Os relatores especiais insistem que as investigações criminais não devem ser usadas como uma ameaça ao trabalho jornalístico. As autoridades devem se abster de iniciar um processo contra jornalistas com base em acusações genéricas ou desproporcionais que criminalizam a circulação de informações de interesse público, protegidas pelo direito à liberdade de expressão, disseram eles.

Ambos os especialistas chamam a atenção para a conexão que esses processos podem ter com o direito à proteção de fontes jornalísticas, dado seu valor inestimável para a sociedade acessar informações de interesse público. Sem essa proteção, informações de alto interesse dificilmente assumiriam o status público. Os relatores especiais estão em contato com as autoridades brasileiras, que forneceram informações adicionais sobre uma investigação oficial em andamento sobre as ameaças relatadas por Greenwald e seu parceiro.

Os especialistas

David Kaye, como relator especial da ONU para a promoção e proteção do direito à liberdade de opinião e expressão, é parte dos chamados Procedimentos Especiais do Conselho de Direitos Humanos. Os Procedimentos Especiais, o maior órgão de especialistas independentes do sistema de Direitos Humanos da ONU, é o nome genérico dado aos mecanismos independentes de investigação e monitoramento do Conselho. Os detentores de mandato dos Procedimentos Especiais são especialistas independentes em direitos humanos, nomeados pelo Conselho de Direitos Humanos para tratar de situações específicas em países ou questões temáticas em todo o mundo. Eles não fazem parte da equipe da ONU e são independentes de qualquer governo ou organização. Eles agem individualmente e não recebem salário por seu trabalho.
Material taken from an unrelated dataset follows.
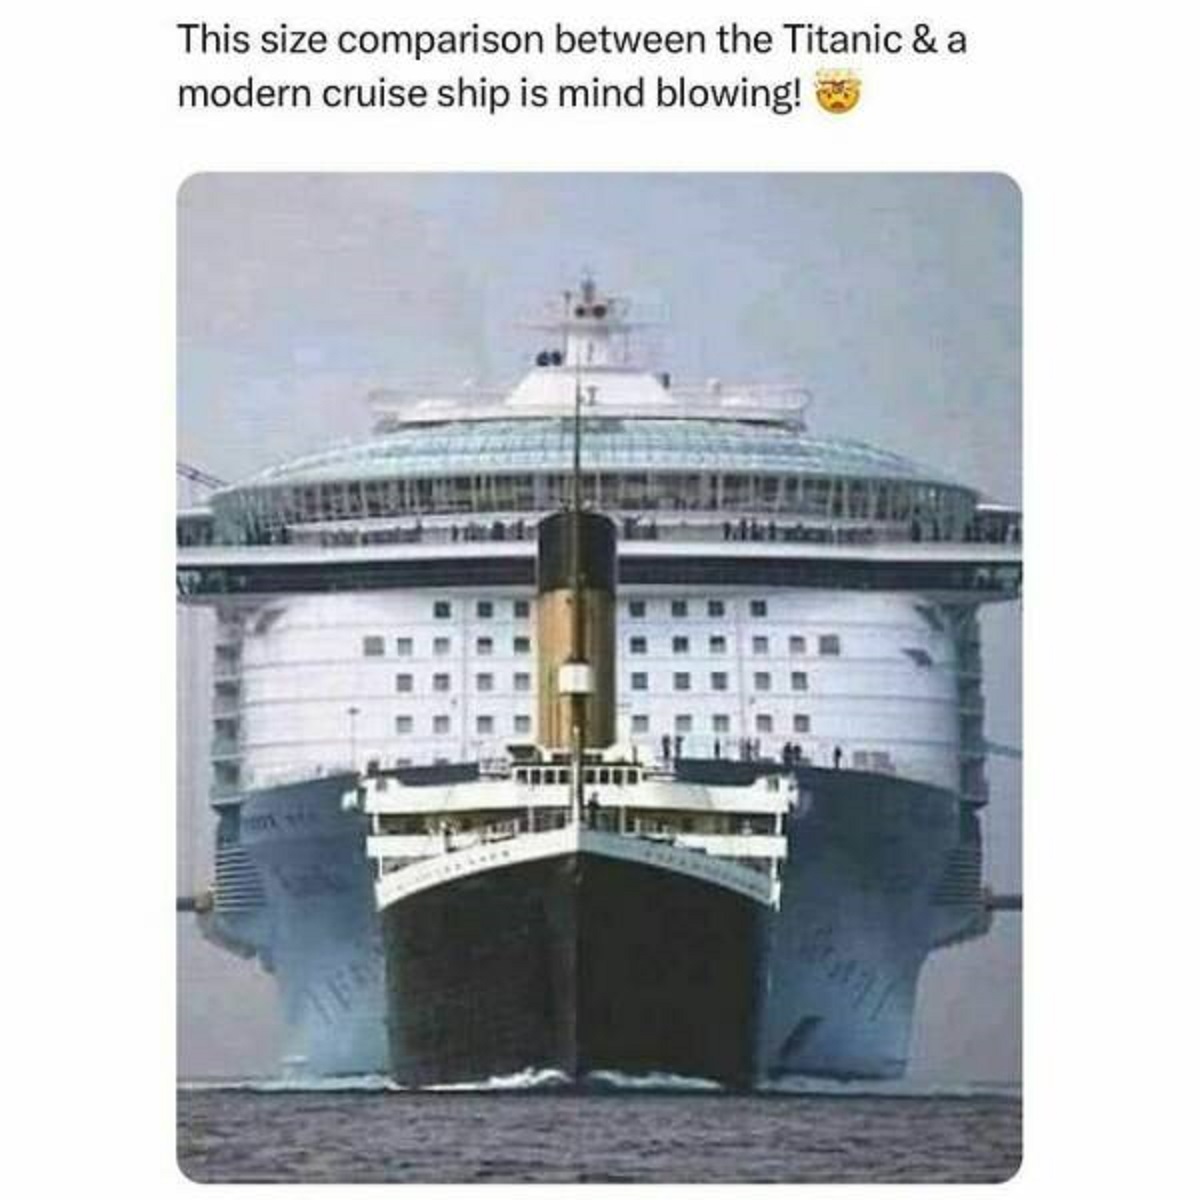 big was the titanic compared - This size comparison between the Titanic & a modern cruise ship is mind blowing!

Edison Lanza é o Relator Especial para a liberdade de expressão da CIDH. A Relatoria Especial para a Liberdade de Expressão foi criada pela CIDH para promover a defesa hemisférica do direito à liberdade de pensamento e expressão, em virtude do papel fundamental que esse direito tem para a consolidação e o desenvolvimento do sistema democrático.